The AsyncClient is instantiated for each run_batch_completions as using the same async client too many times throughout the application leads to issues.
A @retry decorator is added to re-run a request in case some unexpected issues arise. This may occur while processing a large amount of asynchronous calls at the same time, causing issues due to large amount of connections being open. This can also be solved by diminishing the batch_size but doing this might slow down the overall processing time.

Usage example (no timeout, no stream):

# asking an LLM to generate one random token, 100 times
messages_list = []
for _ in range(100):
    messages_list.append([{"role": "user", "content": f"Write 1 random tokens"}])
  
llm = Llm()
responses = llm.run_batch_completions(messages_list=messages_list)

The above code runs 100 requests asynchronously, asking the LLM to generate one random token.

Usage example (timeout=10, stream=True):

llm = Llm()
responses = llm.run_batch_completions(messages_list=messages_list, timeout=10, stream=True)

Evaluation

In order to evaluate the performance gain of using a timeout and stream=True , we run 10 times the previous 100 requests (i.e. 1000 requests) and record how long it takes to record it:

No timeout, no streaming

import timeit

llm = Llm()
for i in range(1,11):
    processing_time = timeit.timeit(
      lambda: llm.run_batch_completions(messages_list), 
      number=1
    )
    print(f"Batch nr {i} took {processing_time:.2f} seconds")

Total: 13 minutes 10 seconds.

2. Timeout=10, stream=True

import timeit

llm = Llm()
for i in range(1,11):
    processing_time = timeit.timeit(
      lambda: llm.run_batch_completions(messages_list, timeout=10, stream=True), 
      number=1
    )
    print(f"Batch nr {i} took {processing_time:.2f} seconds")
image-20240206-112514.png

Total: 1 minute 39 seconds (8x faster compared to no timeout).

3. Timeout=20, stream=True

import timeit

llm = Llm()
for i in range(1,11):
    processing_time = timeit.timeit(
      lambda: llm.run_batch_completions(messages_list, timeout=20, stream=True), 
      number=1
    )
    print(f"Batch nr {i} took {processing_time:.2f} seconds")

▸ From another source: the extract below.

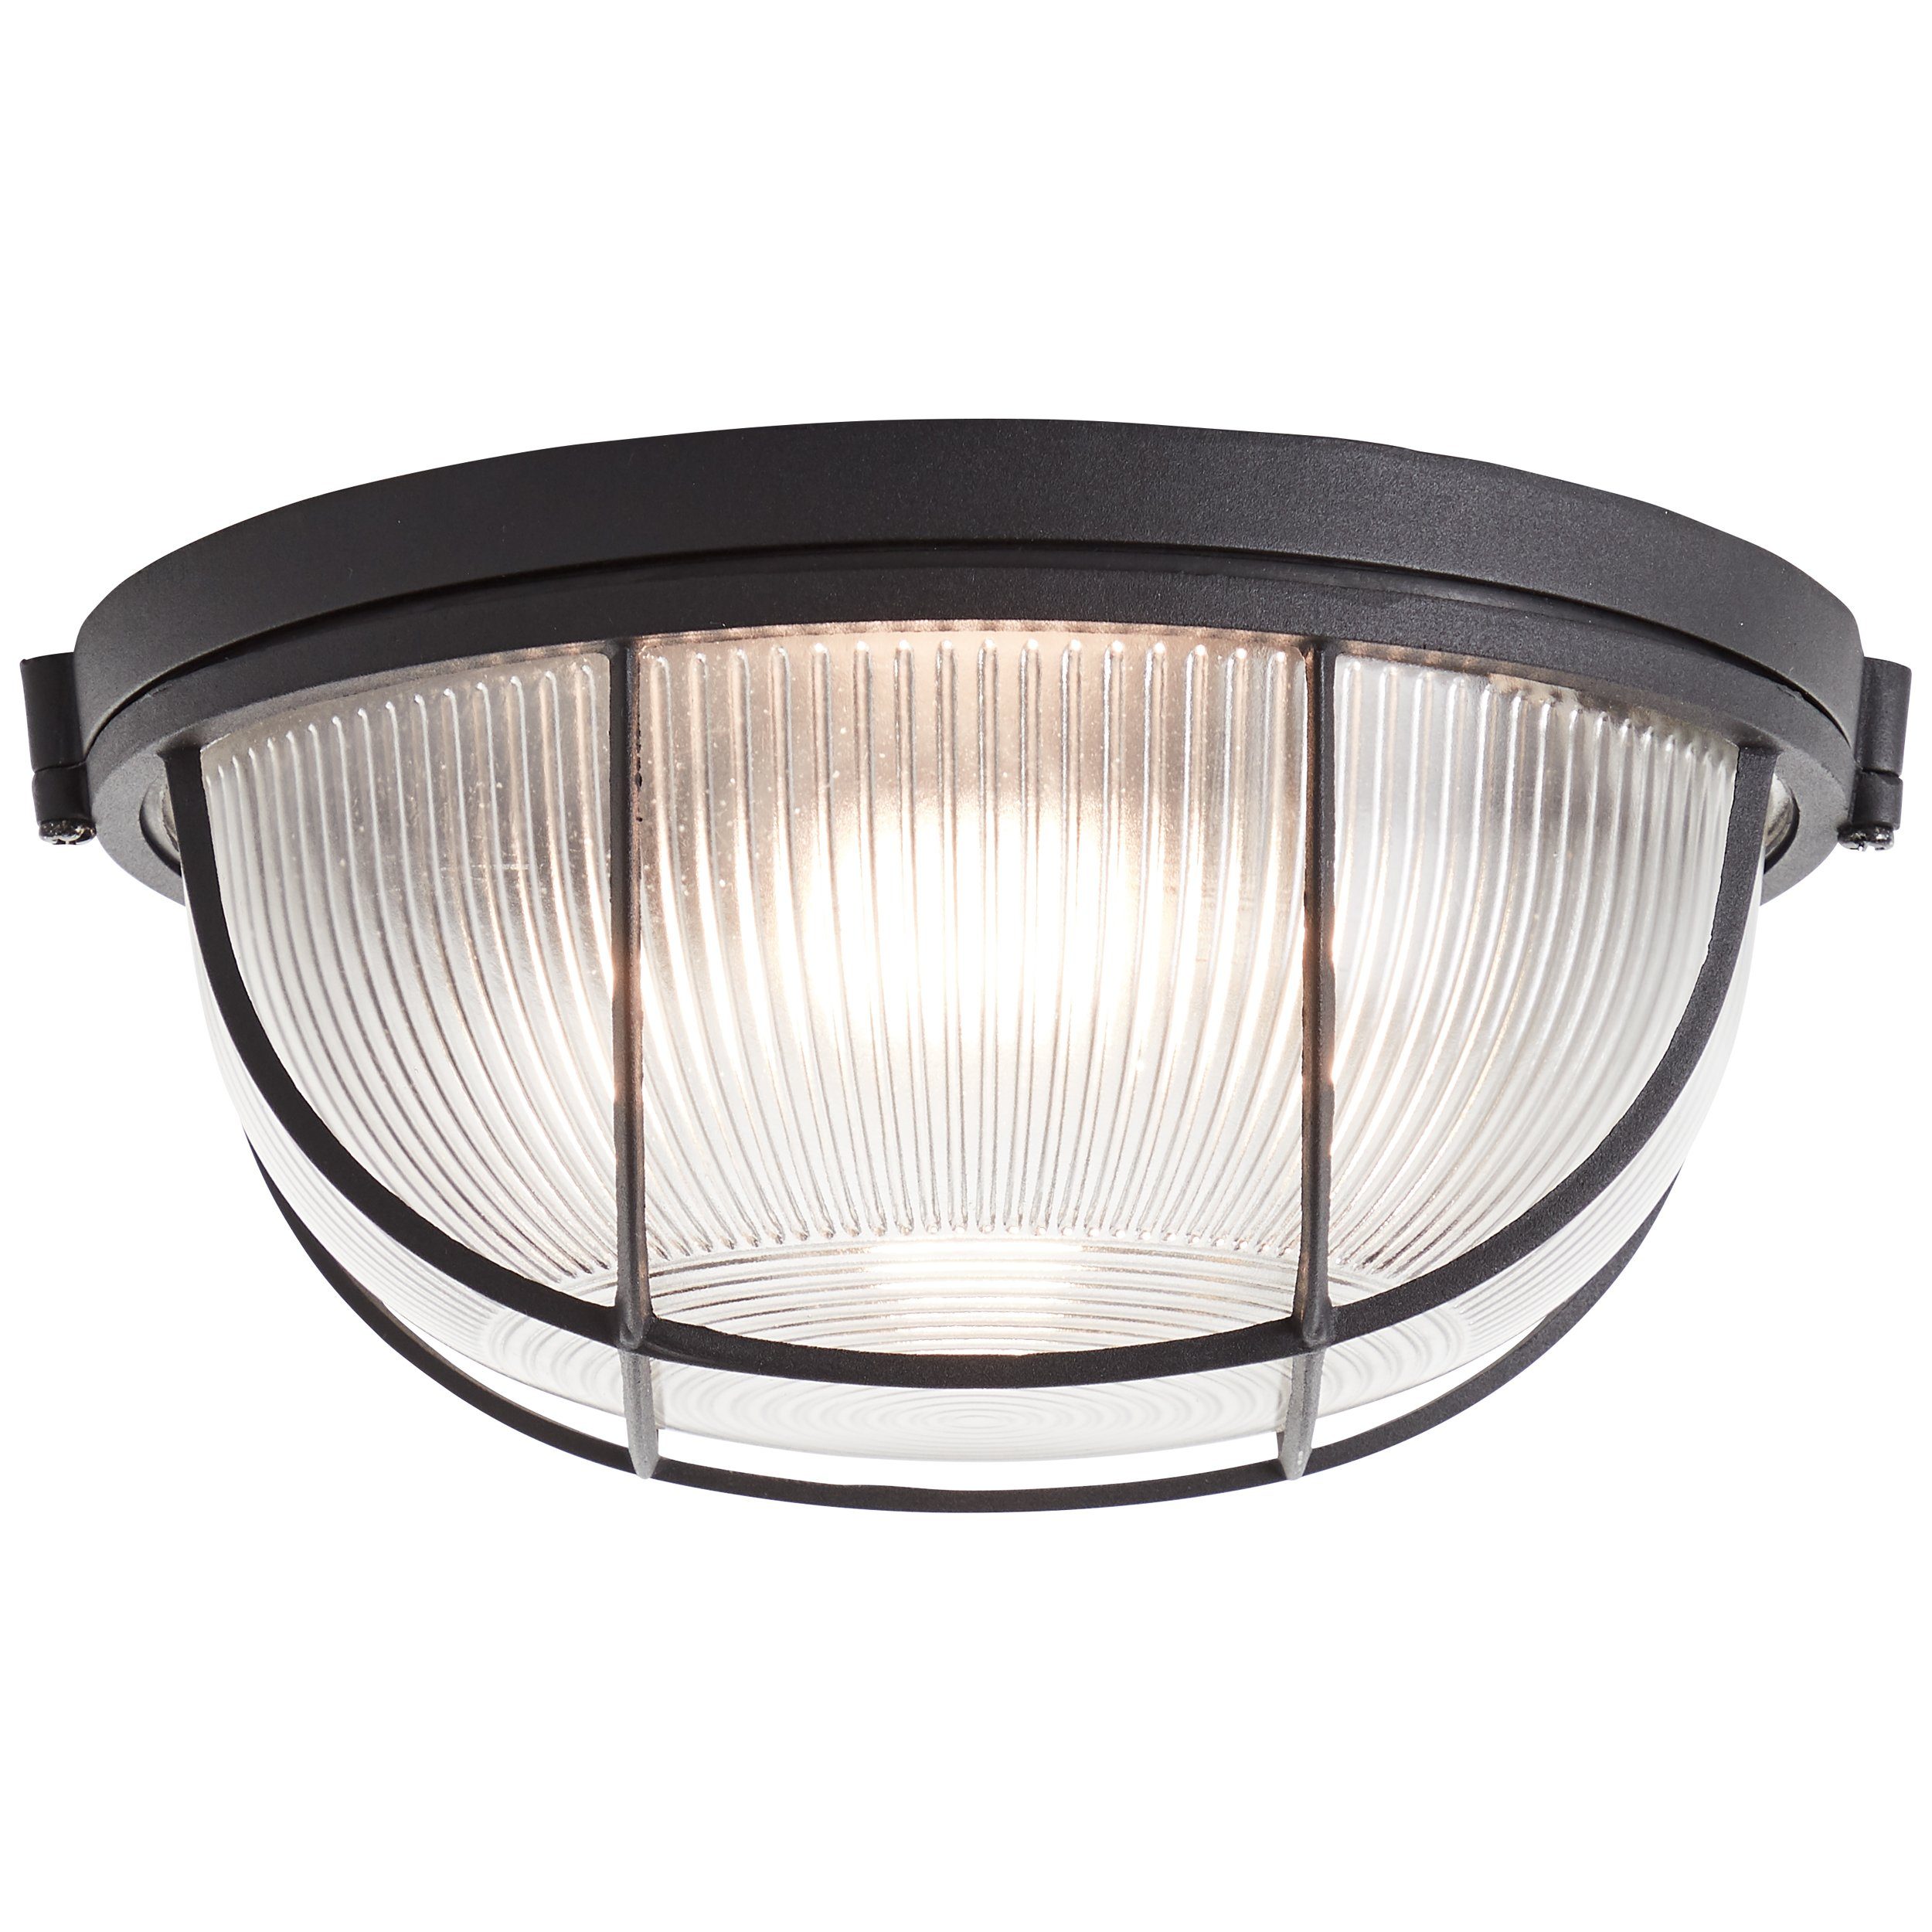 Lightbox Deckenleuchte, ohne Leuchtmittel, Wand- & Deckenlampe, 11 cm Höhe,  Ø 26 cm, E27, max. 40 W, Metall/Glas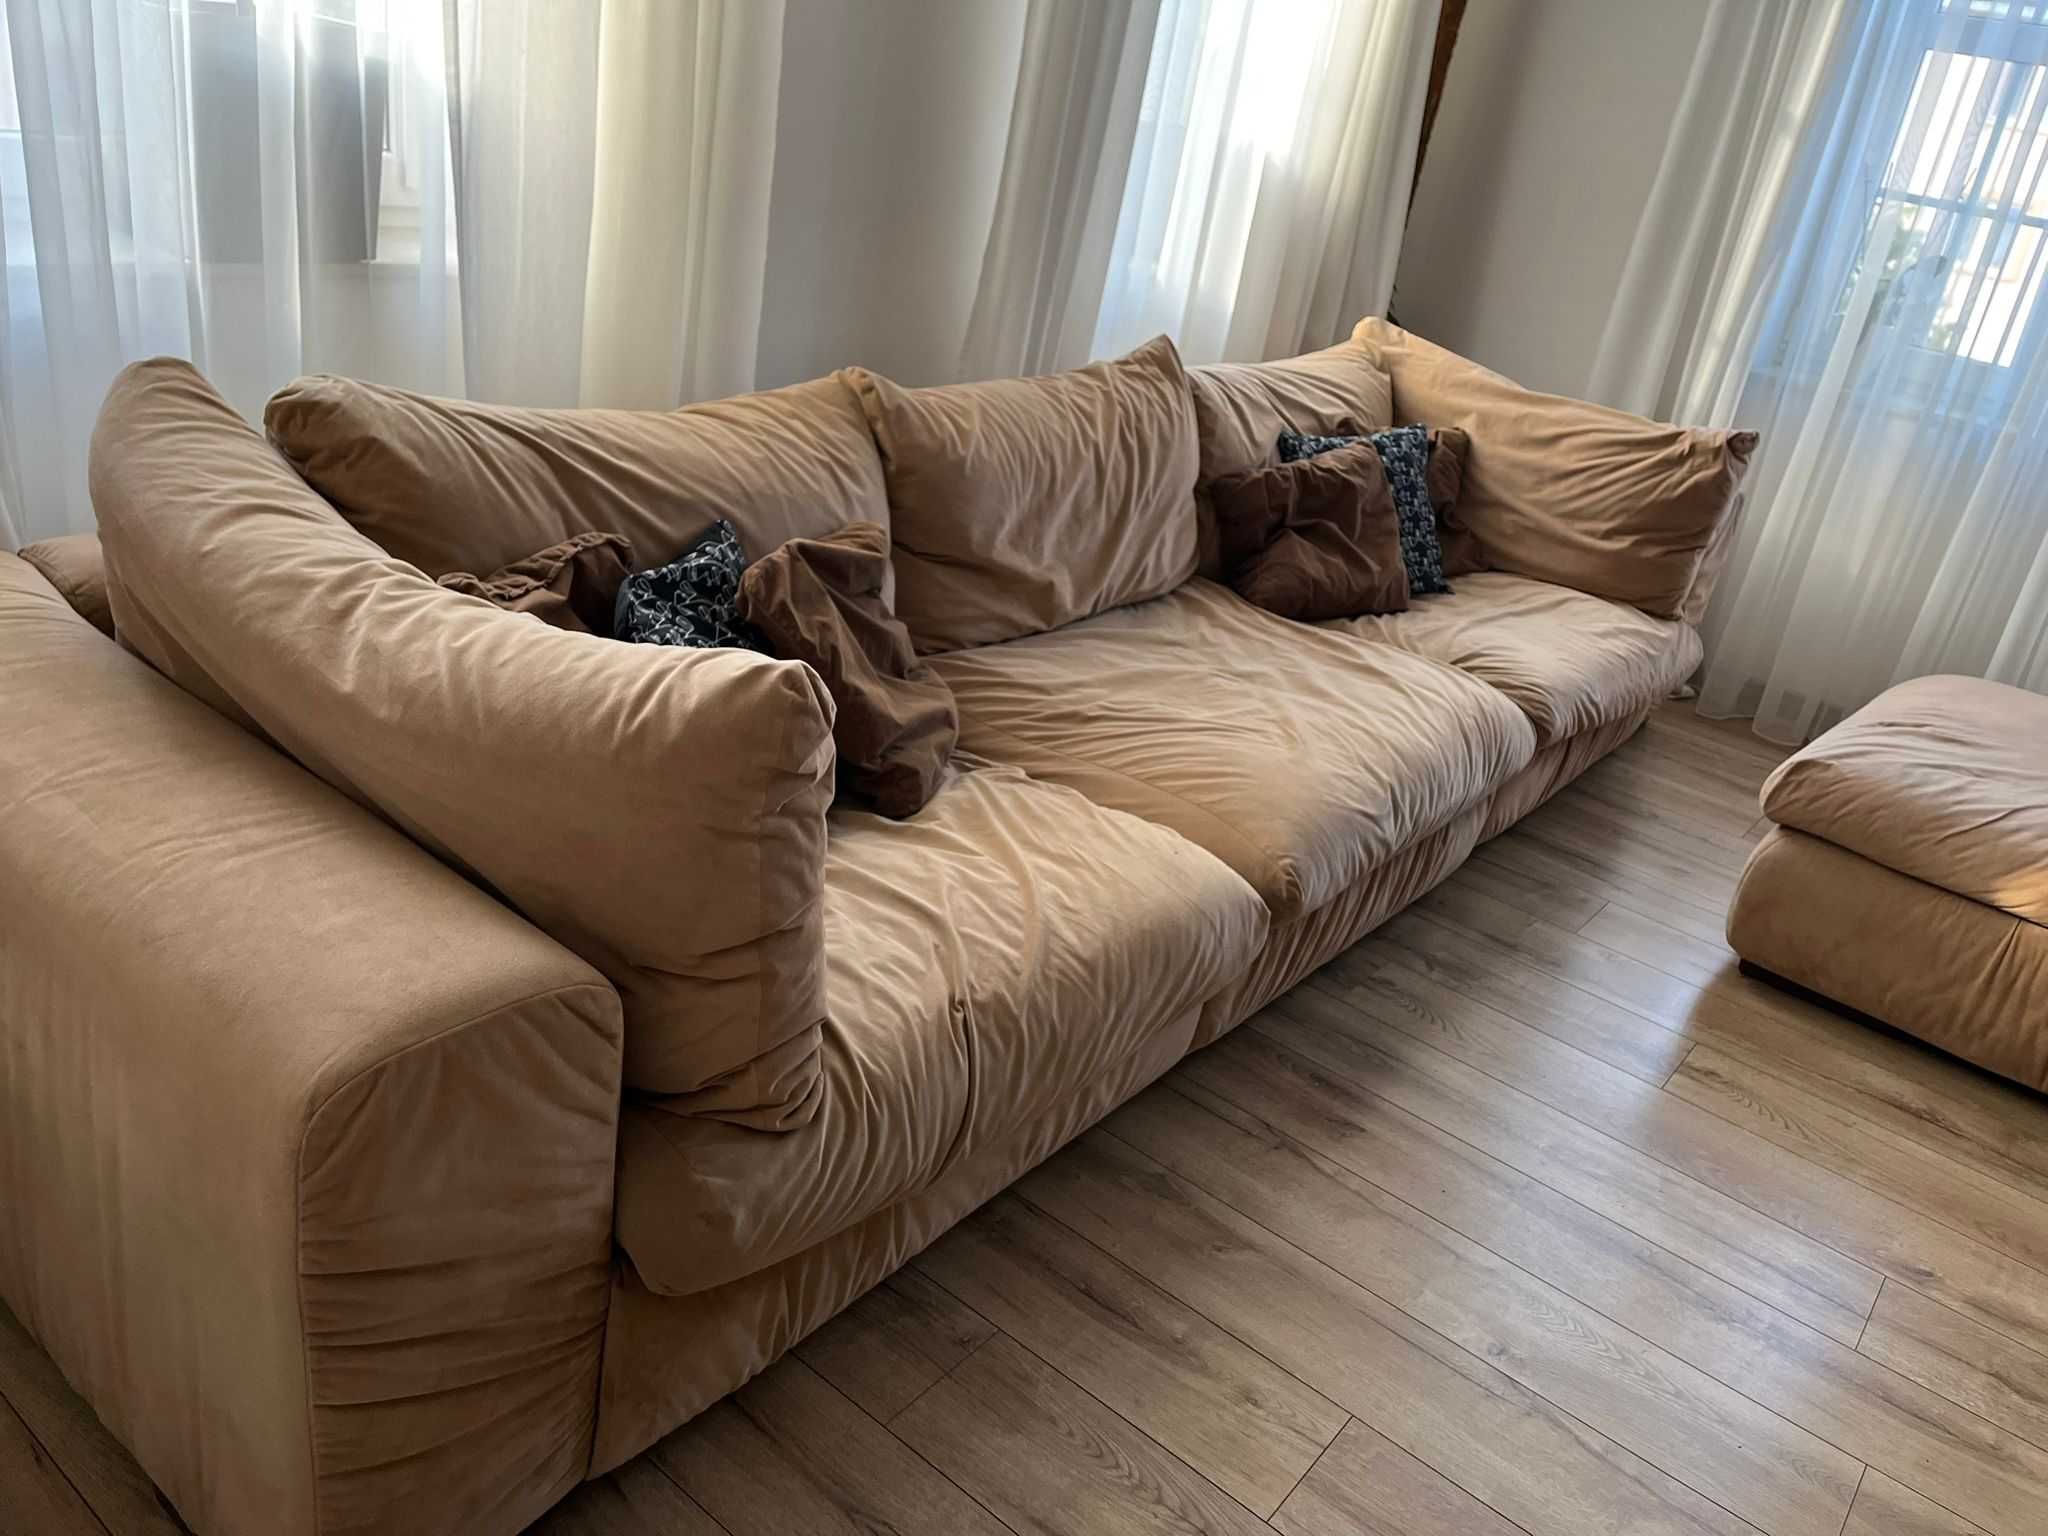 sofa / wypoczynek /kanapa 3,5m x 1,1m + 2 pufy 1m x 1m

Total: 2 minutes 42 seconds (5x faster compared to no timeout).

Conclusion

Using timeout and stream options from the OpenAI API client can significantly save you time, especially when processing a large amount of requests in an asynchronous way.

In the evaluation we performed, using a timeout of 10 seconds led to a processing time around 8x faster that of using no timeout.

Nevertheless, keep in mind that the gain in performance will vary according to how busy the OpenAI servers are, and whether they improve their delivery of requests in the near future.